Thanks for reading and for your comment.
Peggy
I didn’t have any children until after residency (about 4 months after, to be exact) but your advice is spot on.
great advice. i especially like the idea of finding something related to the field that is more flexible, so it is not an all-or-nothing choice spanning an entire year.
becoming a parent was frankly a bigger job than i anticipated. there is a lot of juggling. in my case, i needed a c-section and needed the full 6 weeks to recover enough to drive. we had three different child care arrangements the first year: the day care did not work well for us since the baby had constant colds and ear infections; a shared-nanny situation later fell through. my son also needed surgery at 6 months, and had a post-surgical infection. things just come up that cannot be anticipated.
i was anxious to get back to work as soon as possible; it was important to my self-image to not be defined by motherhood, and to keep up the pace in my professional life. and i did that; did some of the most intense work of my career, even. but looking back, perhaps i was trying too hard to be wonder-woman.

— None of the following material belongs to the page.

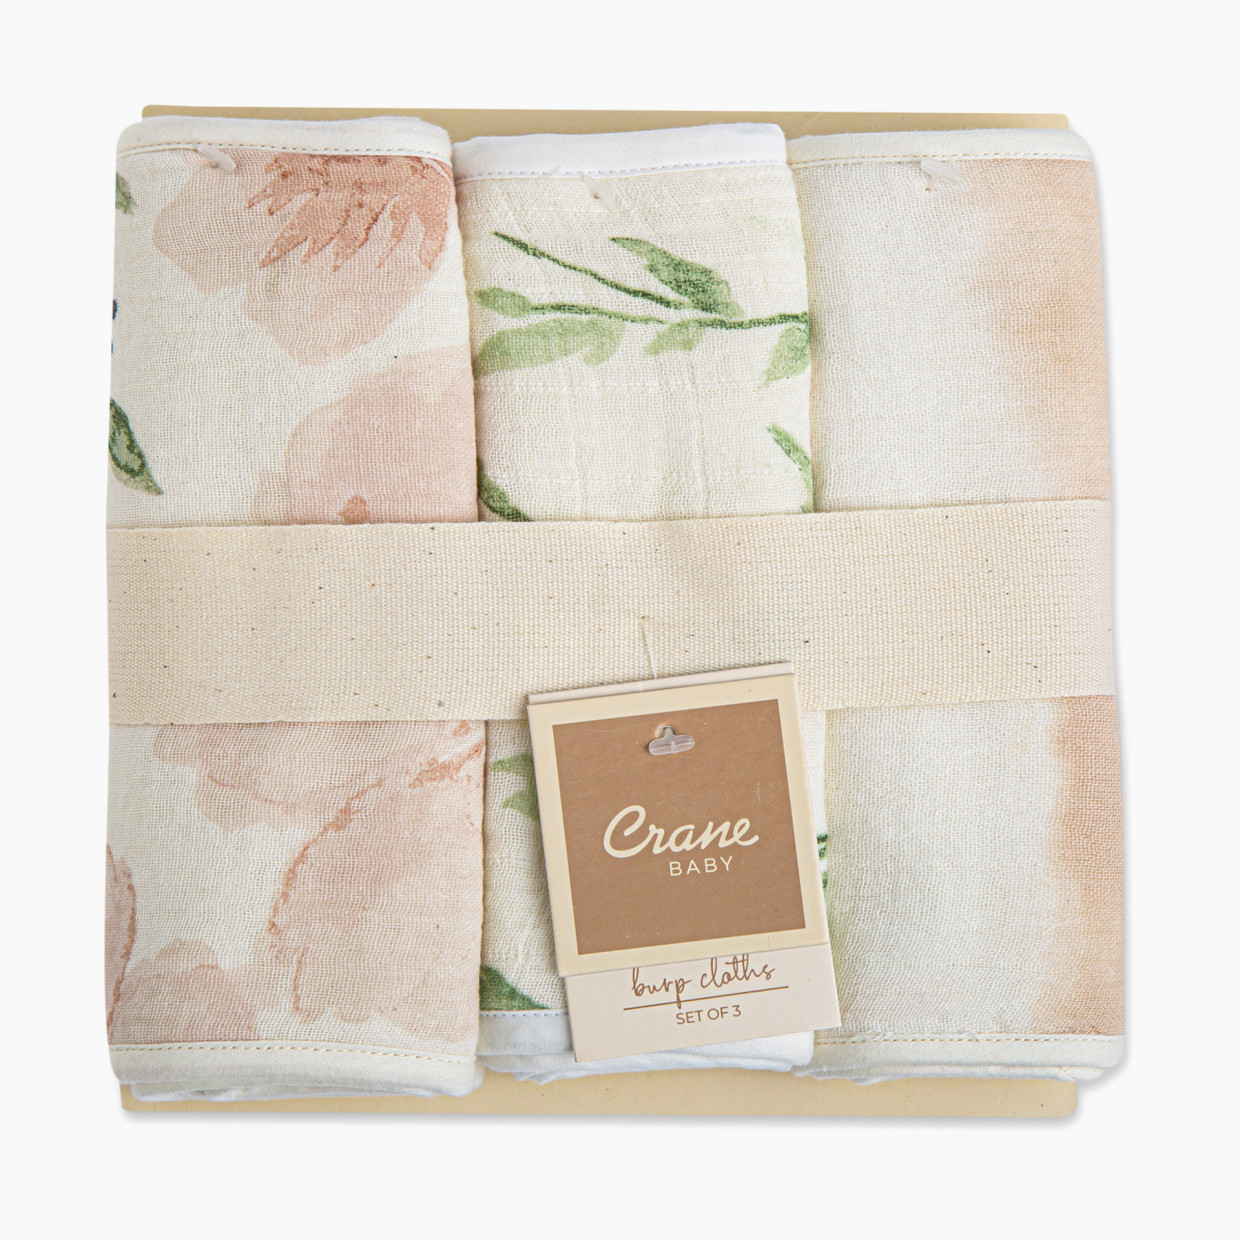 Crane Baby Cotton Muslin and Terry Burp Cloth Set (3 Pack) - Parker.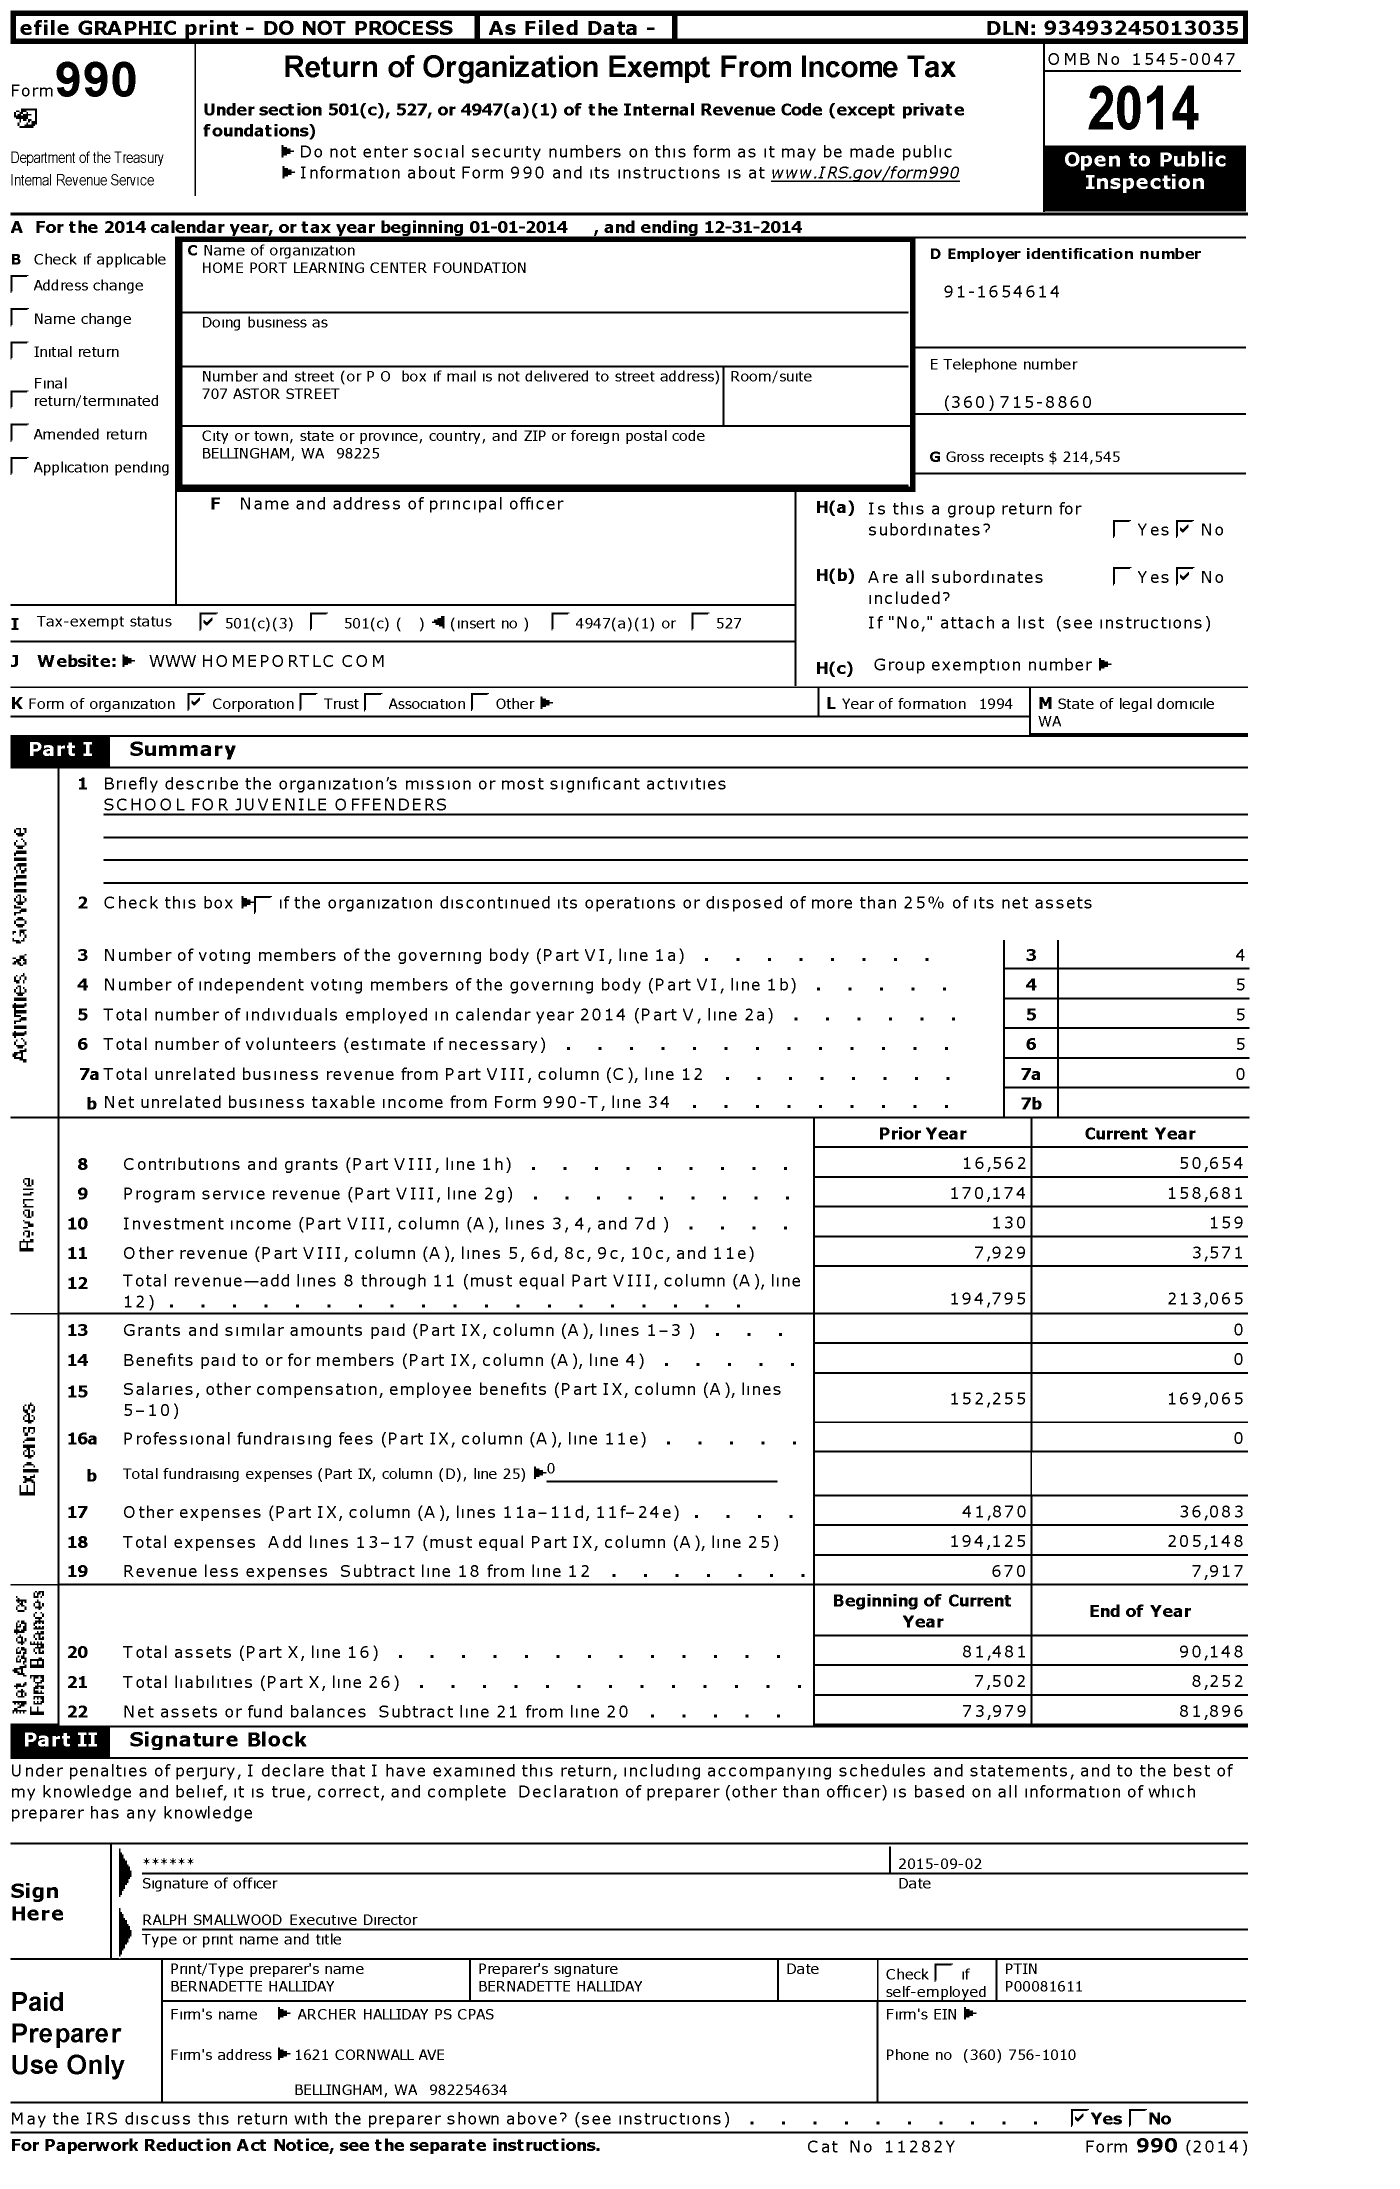 Image of first page of 2014 Form 990 for Home Port Learning Center Foundation

i later took a year off when my husband was transferred overseas. as much as i love my kids — and appreciated having more time with them, especially after my second was born — it drove me batty to suddenly be a full-time mom, and have virtually no grown-up life. this is why i think peggy’s suggestion of a research position is so wonderful!
kathy a. –
I’m the same way – I would have been a terrible full time mom. WIth my first we had great day care for two years, and then we found the world’s best nanny when we moved to NYC – She was with us for 11 wonderful years. My kids are the amazing human beings they are as much due to her influence as to mine and my husband’s.
Happy holidays!
Peggy
This post, like many other posts by Americans about maternity leave during residency, makes me sad that the American rules for maternity leave during residency are so much more restrictive than the Canadian. In Canada, residents can take up to a full year off of residency for maternity leave, although the amount that is paid is dependent on how long they’ve worked. One of my friends started her family medicine residency while seven-and-a-half-months pregnant and was able to complete a rotation in the children’s emergency department before taking a full year of maternity leave. Other residents have been able to accept residency positions while pregnant but then defer their start dates by three to six months so that they could have maternity leave. It seems like a much better system for parents and their new babies than the American system.
Solitary DIner –
Impressive. I did a little research, and the law in Canada seems to be 15-17 weeks minimum and all but one province up to a year maximum.
http://www.medical-residency.ca/details.aspx/case-studies/having-a-baby-during-residency.
Thanks for your comment!
Peggy
Many students straight out of medical school don’t think of residency as a job because they’ve never actually held a real, full-time job.
Agree. For many it’s just an extension of training With a HUGE workload.
Thanks for reading!
Peggy
Yes, training for which residents are being paid, even though said training is heavily subsidized by tax dollars.
One more reason I think college graduates should work for a few years before entering medical school. Based on what I read on various medical and medical student blogs, a majority of physicians in training are an immature, spoiled, overprivileged lot with no comprehension of how far ahead they are of their less-fortunate peers through an accident of birth. IOW, they’re just as clueless as my classmates at the Ivy League university I attended. It’s far easier to succeed in life when there’s someone there to catch you when you fall.